[DATA TO PROCESS]
=== Section Start ===

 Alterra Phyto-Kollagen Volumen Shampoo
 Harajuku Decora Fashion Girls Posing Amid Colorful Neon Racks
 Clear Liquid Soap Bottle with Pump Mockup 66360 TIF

=== Section End ===
=== Section Start ===

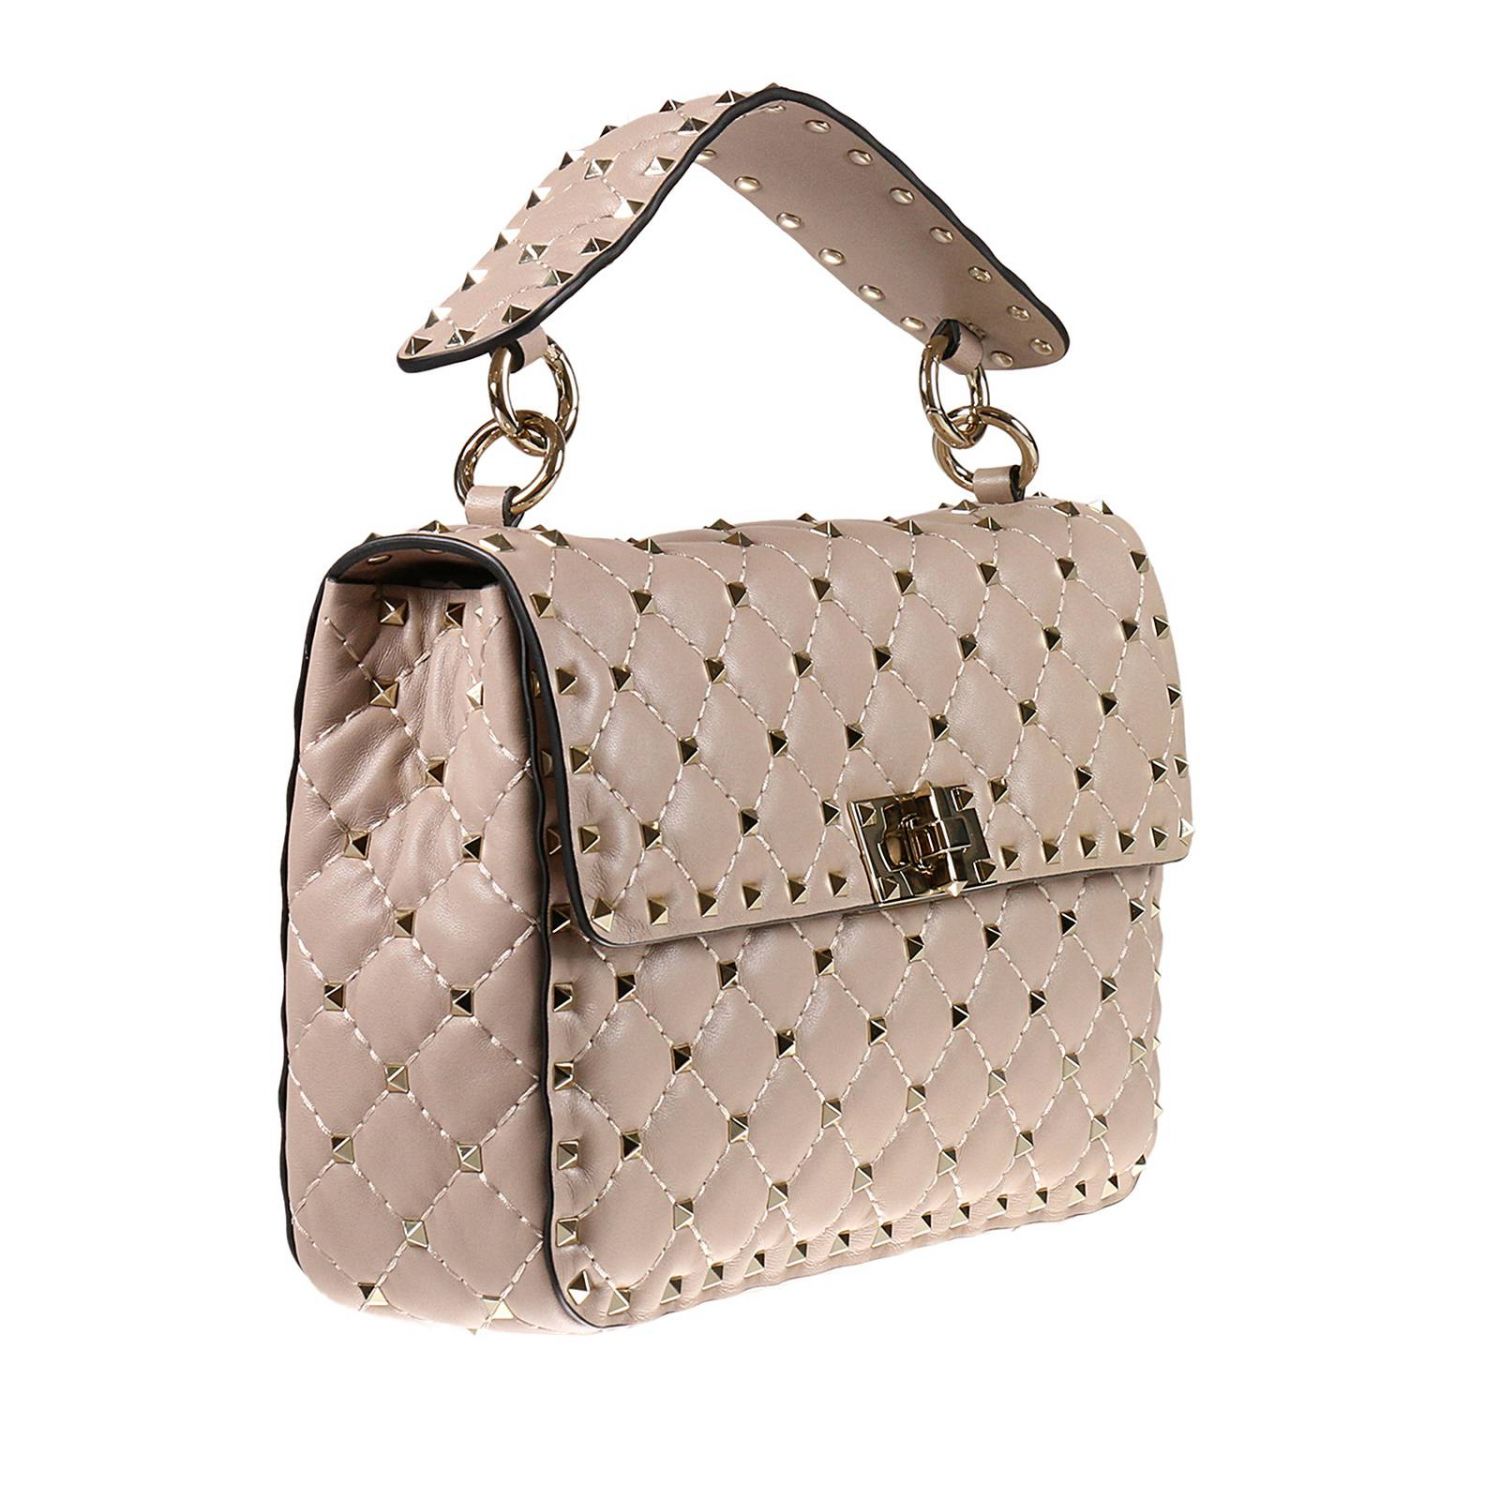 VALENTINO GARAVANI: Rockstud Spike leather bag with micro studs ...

=== Section End ===

[WHAT THIS TASK INVOLVES]
Could you set down, word for word, only the lines above from the line with "Harajuku Decora Fashion" to the line with "Clear Liquid Soap", including both?

[SOLUTION FOR THIS PROBLEM]
 Harajuku Decora Fashion Girls Posing Amid Colorful Neon Racks
 Clear Liquid Soap Bottle with Pump Mockup 66360 TIF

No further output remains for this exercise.